Working for Justice

Nice Nails, Awful Jobs: Part 2

Nail salons may offer a dose of beauty, glamor, and pampering to their customers. However, by and large, nail salons take on a much uglier look once you scrape away the polished facade and examine the experiences of the largely female, immigrant workforce that toils away there.

Last year, the New York Times ran a twopart investigative series that cast a spotlight on the “rampant exploitation” and health hazards within the nail salon industry. Following the release of the series, my colleague, Alexandra Harwin, provided a detailed summary of the Times’ key investigative findings. To re-cap, in “The Price of Nice Nails,” the New York Times reported that many New York City nail salons were flagrantly violating minimum wage and overtime laws, with some even charging new employees “training fees” of $100 to $200 to obtain a job and then paying these workers nothing over the span of weeks or months “in a kind of unpaid apprenticeship.” According to the New York Times, when nail salon workers did earn a wage, the vast majority received less than minimum wage. Moreover, the Times reported that “[o]vertime pay is almost unheard-of in the industry, even though workers routinely work up to 12 hours a day, six or even seven days a week.” Compounding this problem has been the lax enforcement of labor laws. The Times reported that the New York State Labor Department had typically opened only two or three dozen nail salon cases a year within the entire state, yet there were over 3,600 nail salons in the state of New York as of 2012.

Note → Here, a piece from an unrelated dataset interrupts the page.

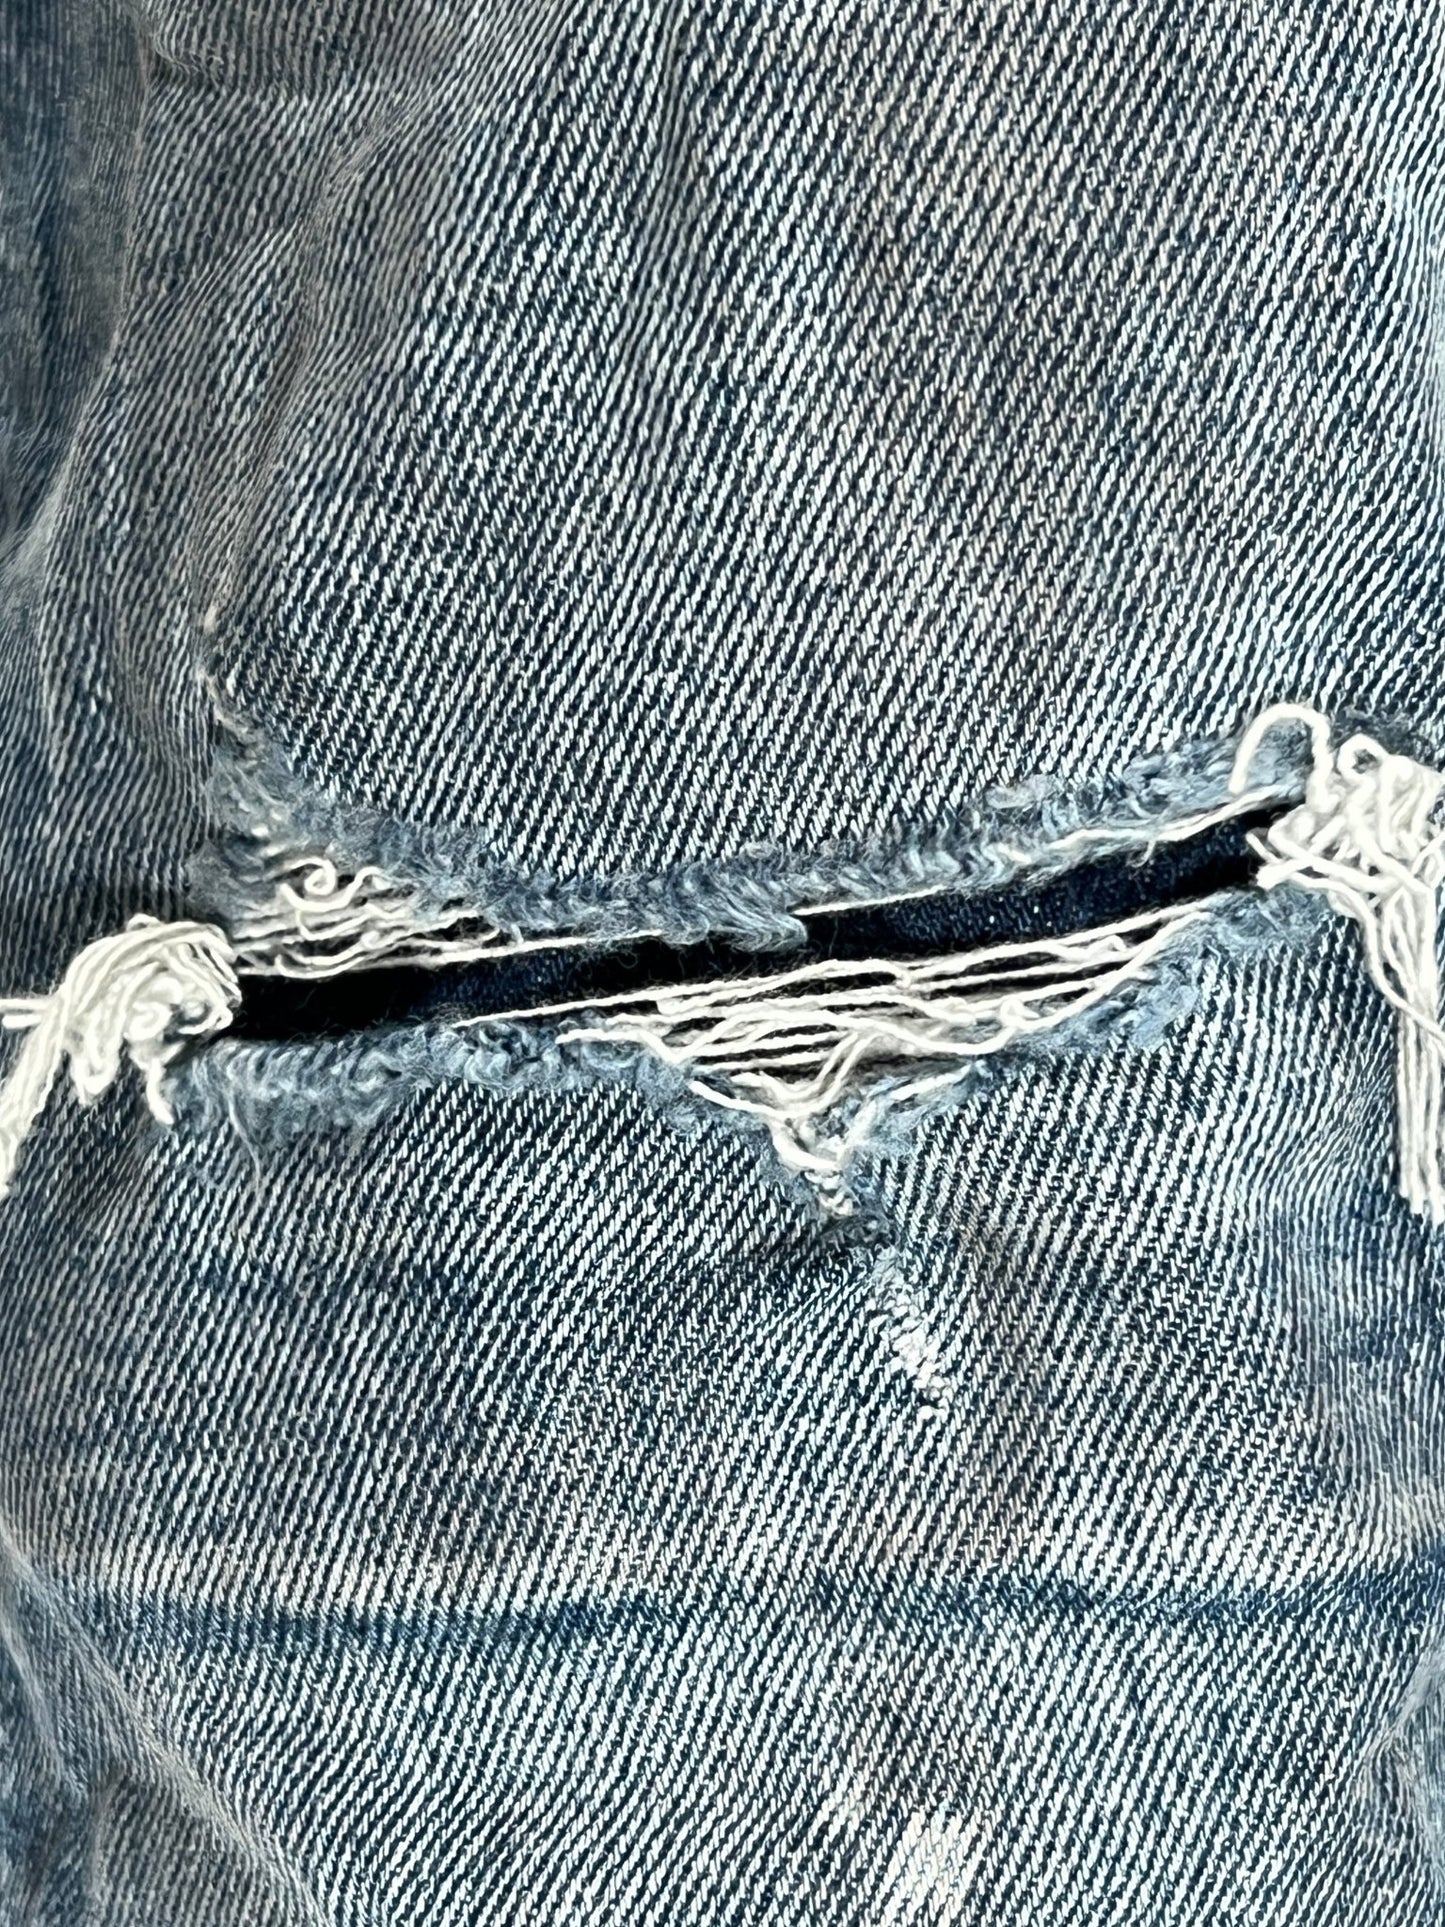 A pair of PURPLE BRAND vintage blue jeans with a hole in the pocket.

In a subsequent article, entitled “Perfect Nails, Poisoned Workers,” the New York Times detailed the disturbing health hazards associated with providing manicures and pedicures. In particular, the article called attention to the prevalence of respiratory illnesses and skin disorders among nail salon workers and noted that some of the chemicals present in nail products have been tied to abnormal fetal development, miscarriages, and other harm to reproductive health, while other chemicals are known carcinogens.

In the year since the New York Times ran its expose, several steps have been taken to safeguard nail workers’ rights and address the rampant wage theft and health hazards in the industry. Almost immediately after the New York Times ran its coverage, New York Governor Andrew Cuomo enacted emergency measures and created a multi-agency Enforcement Task Force to combat abuses within the nail industry. Then, in July 2015, Governor Cuomo signed legislation aimed at protecting New York nail salon workers.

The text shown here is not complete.